Филатов сидел в своём обычном кресле — не в президиуме, не на трибуне, а в глубине зала, в третьем ряду с краю, откуда всё было видно, как на ладони, но где на него никто не обращал внимания, потому что старый полковник, отставной полковник, уже не тот, кого боятся, а тот, кого уважают, но уважение, как известно, не мешает делать своё дело, даже если это дело — предательство, ибо уважают часто тех, кто опасен, а опасен Филатов был для тех, кто замышлял недоброе против царя и России, и депутаты это знали, но предпочитали делать вид, что не замечают его присутствия, потому что замечать его было себе дороже, себе опаснее, себе гибельнее, ибо старый полковник, даже в отставке, даже без оружия, даже с пустыми руками, мог убить взглядом, убить словом, убить одним своим молчанием, которое было красноречивее любых речей.
Рядом с ним, чуть приотстав, чтобы не привлекать лишнего внимания, сидел Белов, и оба они смотрели на императора Рюрика, который, в свою очередь, смотрел на депутатов с того самого места, которое когда-то занимал его отец, царь Ростислав, а до него – ещё другие цари, и это место, казалось, хранило в себе память о всех этих речах, о всех этих спорах, о всех этих обещаниях, которые, как вода, утекали в песок и не оставляли после себя ничего, кроме усталости и горького привкуса во рту, когда понимаешь, что тебя обманули, и обманули те, кто клялся в верности, кто целовал крест, кто давал слово, которое ничего не стоило, потому что слова, особенно в парламенте, слова — это ветер, ветер, который дует то в одну сторону, то в другую, и никто не знает, куда он подует завтра, и что принесёт с собой — дождь или засуху, урожай или голод, мир или войну.
Император Рюрик был спокоен. Это спокойствие, которое Филатов знал по себе, когда долгие годы войны и службы приучают не показывать страха даже тогда, когда сердце готово выпрыгнуть из груди, а мысли путаются, как провода на коммутаторе в старом бункере, где каждый провод может оказаться тем самым, последним, который либо спасёт, либо погубит, было почти осязаемым, почти материальным, и депутаты, глядя на него, умолкали один за другим, пока в зале не воцарилась тишина — не та, торжественная, которая бывает перед казнью или перед великим откровением, когда замирает сердце и перехватывает дыхание, а та, бытовая, будничная, когда сказано уже всё, что можно было сказать, и остаётся только ждать решения, и это ожидание, липкое, как патока, тянулось и тянулось, и казалось, что не будет ему конца, что так и будут сидеть они в этом зале, смотреть друг на друга и бояться сделать первый шаг, потому что первый шаг — это всегда ответственность, а ответственности никто не хотел, никто не искал, никто не жаждал, ибо ответственность — это не слава, не деньги, не власть, это тяжёлый крест, который не каждый способен нести, и многие, очень многие предпочитали увиливать, прятаться, отмалчиваться, лишь бы не брать на себя то, что может раздавить, сломать, уничтожить.
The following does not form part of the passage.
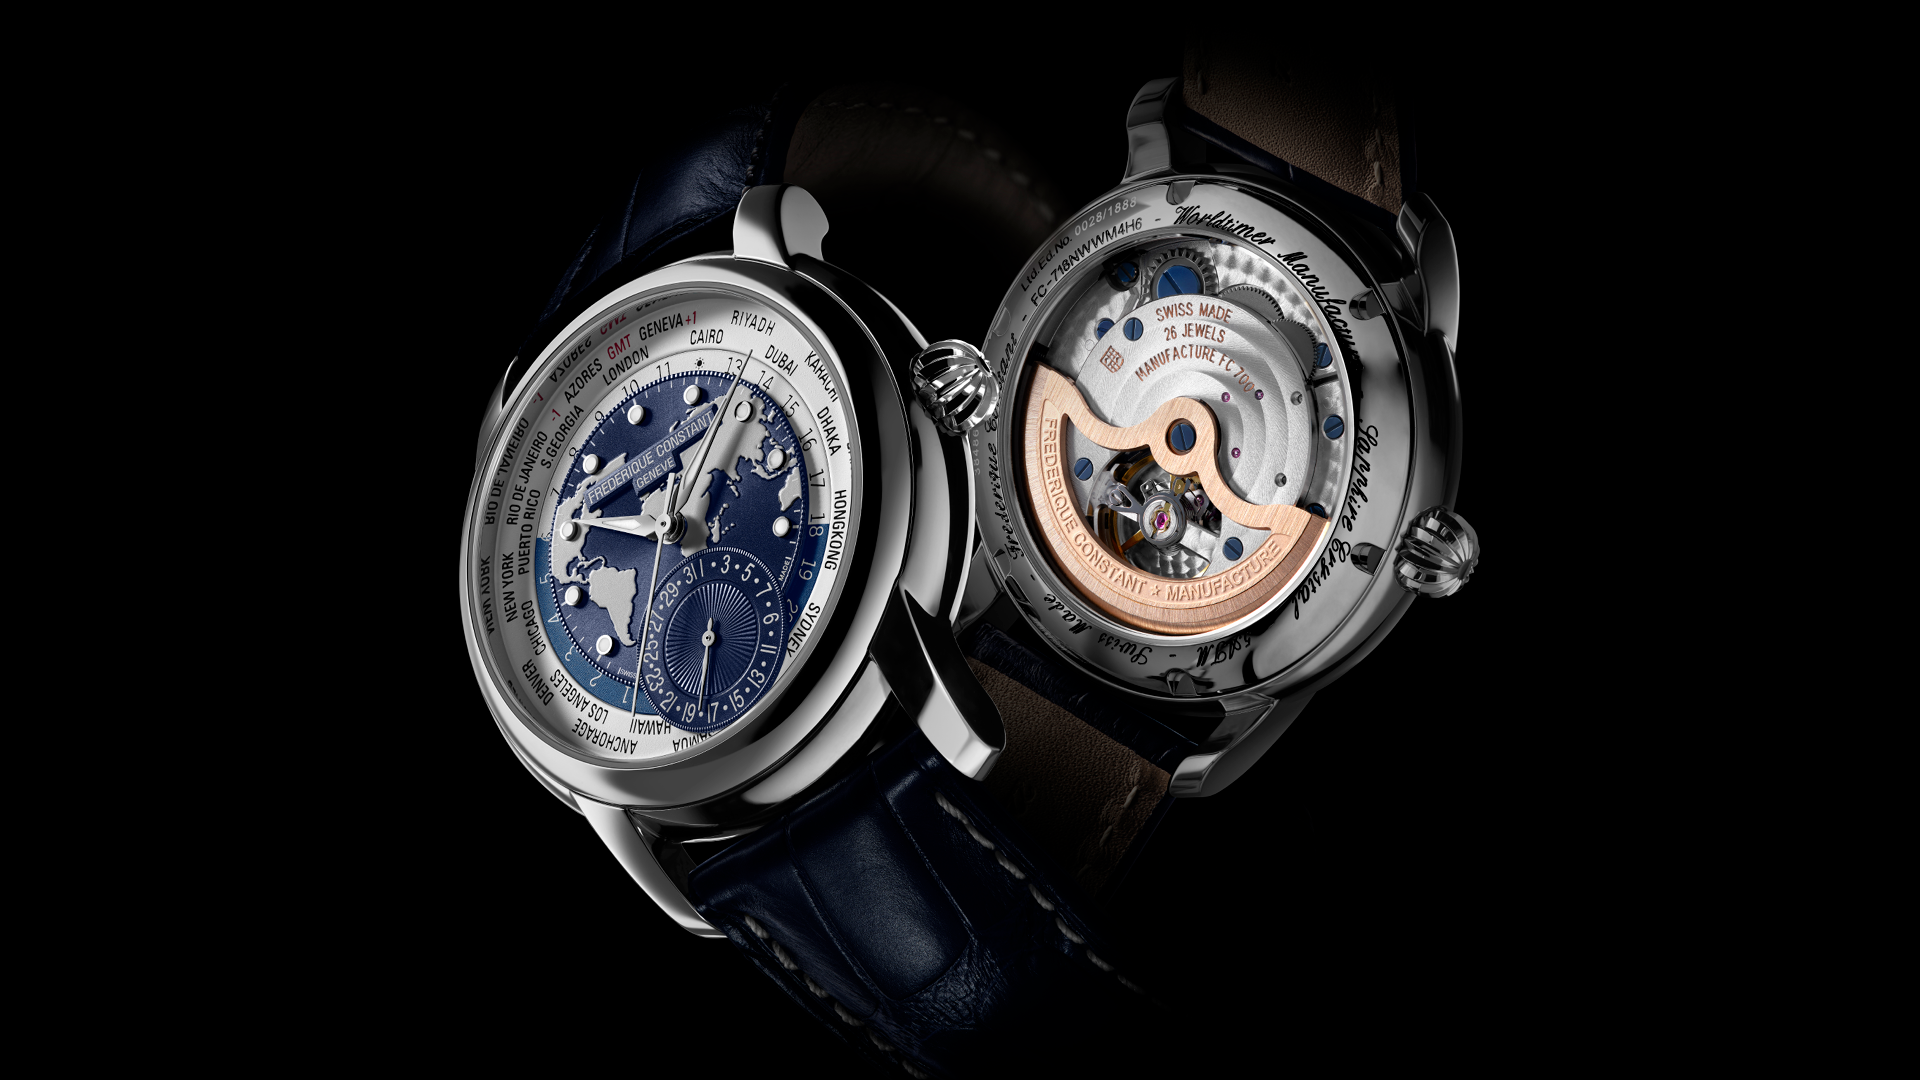 Classicss Worldtimer Manufacture watch for man. Automatic movement, blue dial, stainless-steel case, date counter, worldtimer and blue leather strap

Рюрик оглядел зал. Взгляд его, спокойный и тяжёлый, скользил по лицам депутатов, и каждый, кто попадал под этот взгляд, чувствовал себя так, будто его раздели догола и выставили на всеобщее обозрение — со всеми его страхами, сомнениями и тайными желаниями, которые он прятал даже от себя, даже от самых близких, даже от священника на исповеди, потому что есть вещи, о которых не говорят никому, есть мысли, которые не высказывают вслух, есть желания, которые лучше держать в себе, ибо если они вырвутся наружу, то уже не будет пути назад, и придётся отвечать за них — перед Богом, перед царем, перед собственной совестью.
Прошло несколько минут, прежде чем император заговорил. И когда он заговорил, голос его был негромким, но властным, и каждое слово падало в тишину, как камень в колодец — с глухим, тяжёлым звуком, который не растворить, не забыть, не стереть из памяти, даже если очень захотеть.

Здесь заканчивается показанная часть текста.